In Donald E. Thackrey’s essay “The Communication of the Word,” he talks about how “the power of the individual word, in particular, seems to have inspired her with nothing less than reverence” (51). Dickinson approached her poetry inductively, that is, she combined words to arrive at whatever conclusion the patterns of the words suggested, rather than starting out with a specific theme or message. Instead of purposefully working toward a final philosophical point, Dickinson preferred to use series of “staccato” inspirations (51). Dickinson frequently used words with weight in her work, and as a result her works usually cannot be grasped fully in one reading without dissecting each word individually. Often Dickinson would compile large, alternative word lists for a poetry before she would come to a decision on which word was “just right” for the impact she wished to achieve (52).

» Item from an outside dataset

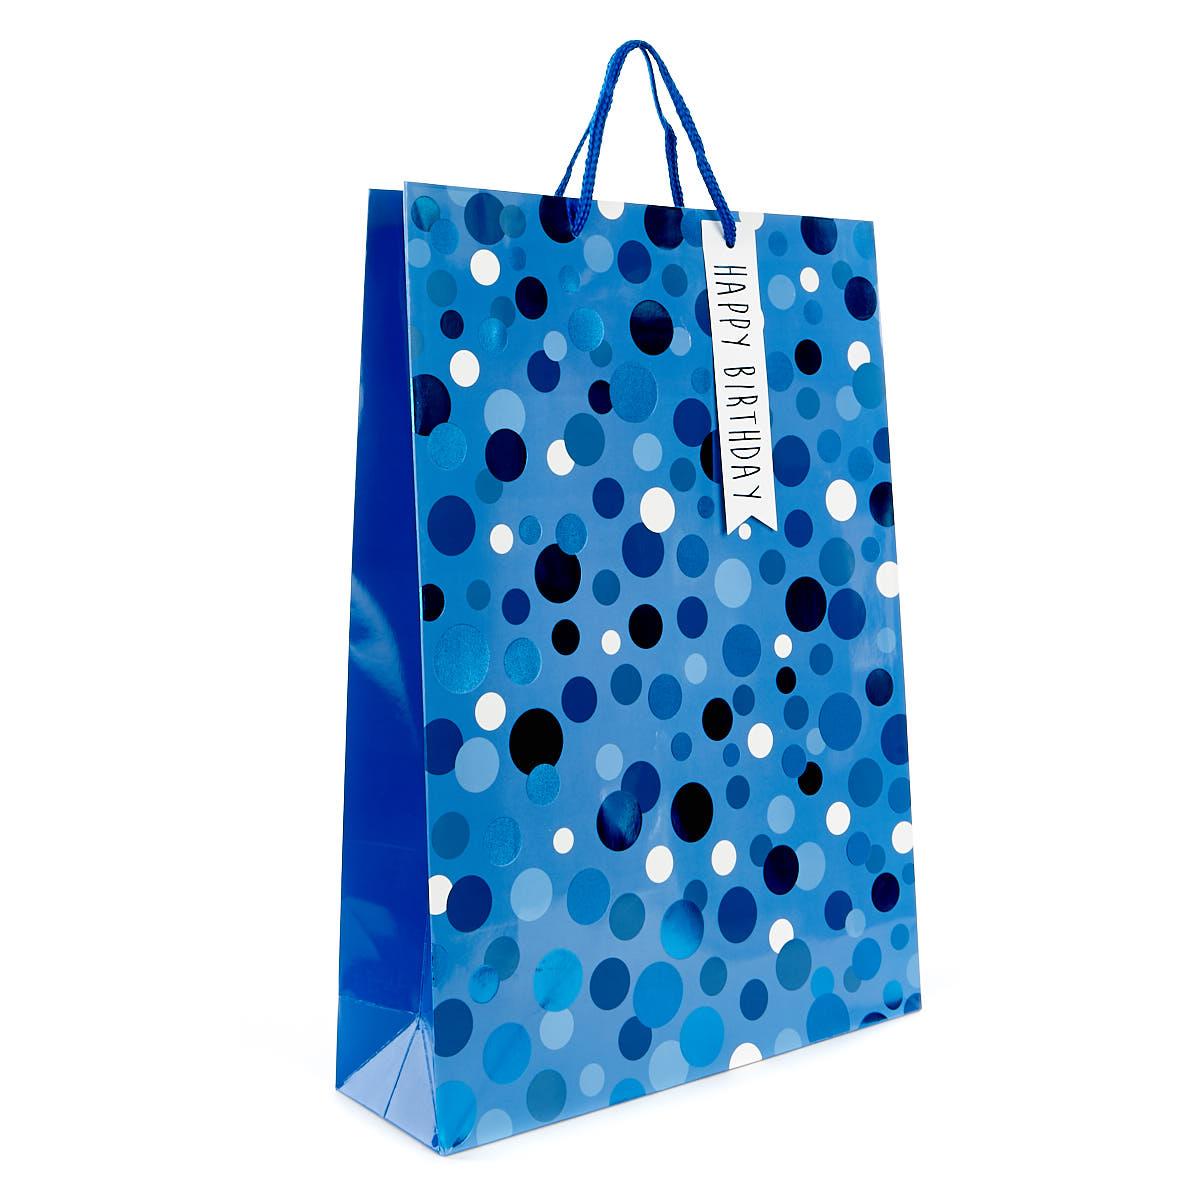 Large Blue Polka Dot Birthday Gift Bag

For example, this poem displays Dickinson’s use of alternative, thesaurus-like lists:
Had but the tale a thrilling, typic,
hearty, bonnie, breathless, spacious,
tropic, warbling, ardent, friendly,
magic, pungent, winning, mellow
All the boys would come—
Orpheus’s sermon captivated,
It did not condemn.
Eventually, Dickinson came to rest on the word “warbling,” but one can see the meticulous care that she put into the decision on which word to use.

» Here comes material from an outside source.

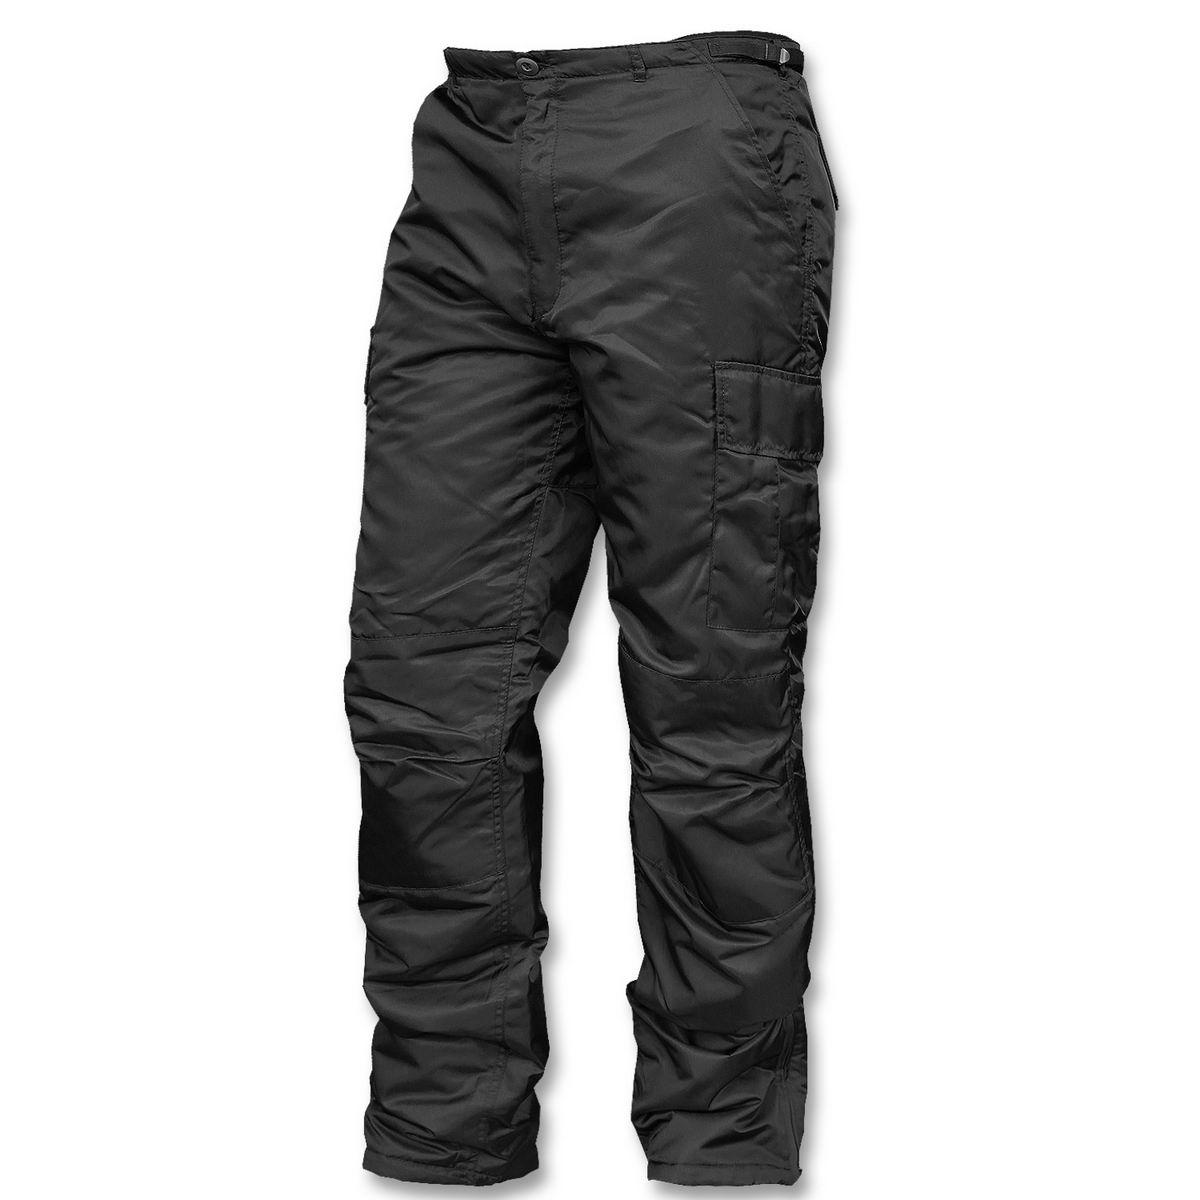 Утепленные штаны MIL-TEC US thermo MA1 nylon 5e6a041915f40

Another poem of Dickinson’s that shows her compositional method is “Shall I Take Thee?” the Poet Said.” In this poem, Dickinson discusses from where the power of the world comes.
“Shall I take thee?” the poet said
To the propounded word.
“Be stationed with the candidates
Till I have further tried.”
The poet probed philology
And when about to ring
For the suspended candidate,
There came unsummoned in
That portion of the vision
The word applied to fill.
Not unto nomination
The cherubim reveal.
In the preceding poem, one can see the artistic style come through her composition. The best representation of that particular idea comes from the author Donald Thackrey when he says:
It is significant that the revealed word comes “unsummoned” in a flash of intuition….and yet the implication of the poem is that the revealing of the word must be preceded by the preparatory, conscious, rational effort of probing philology…She [Dickinson] herself was well aware that inspiration, while all-sufficient when present, seldom came even to a great poet.
Essay About Love in The Love of Thee a Prism Be
Love in The Love of Thee—a Prism Be
Emily Dickinson views love with an allegorical neatness created in her poem The Love of Thee—a Prism Be. Dickinson believes that it is the prismatic quality of passion that matters, and the energy passing through an experience of love reveals a spectrum of possibilities.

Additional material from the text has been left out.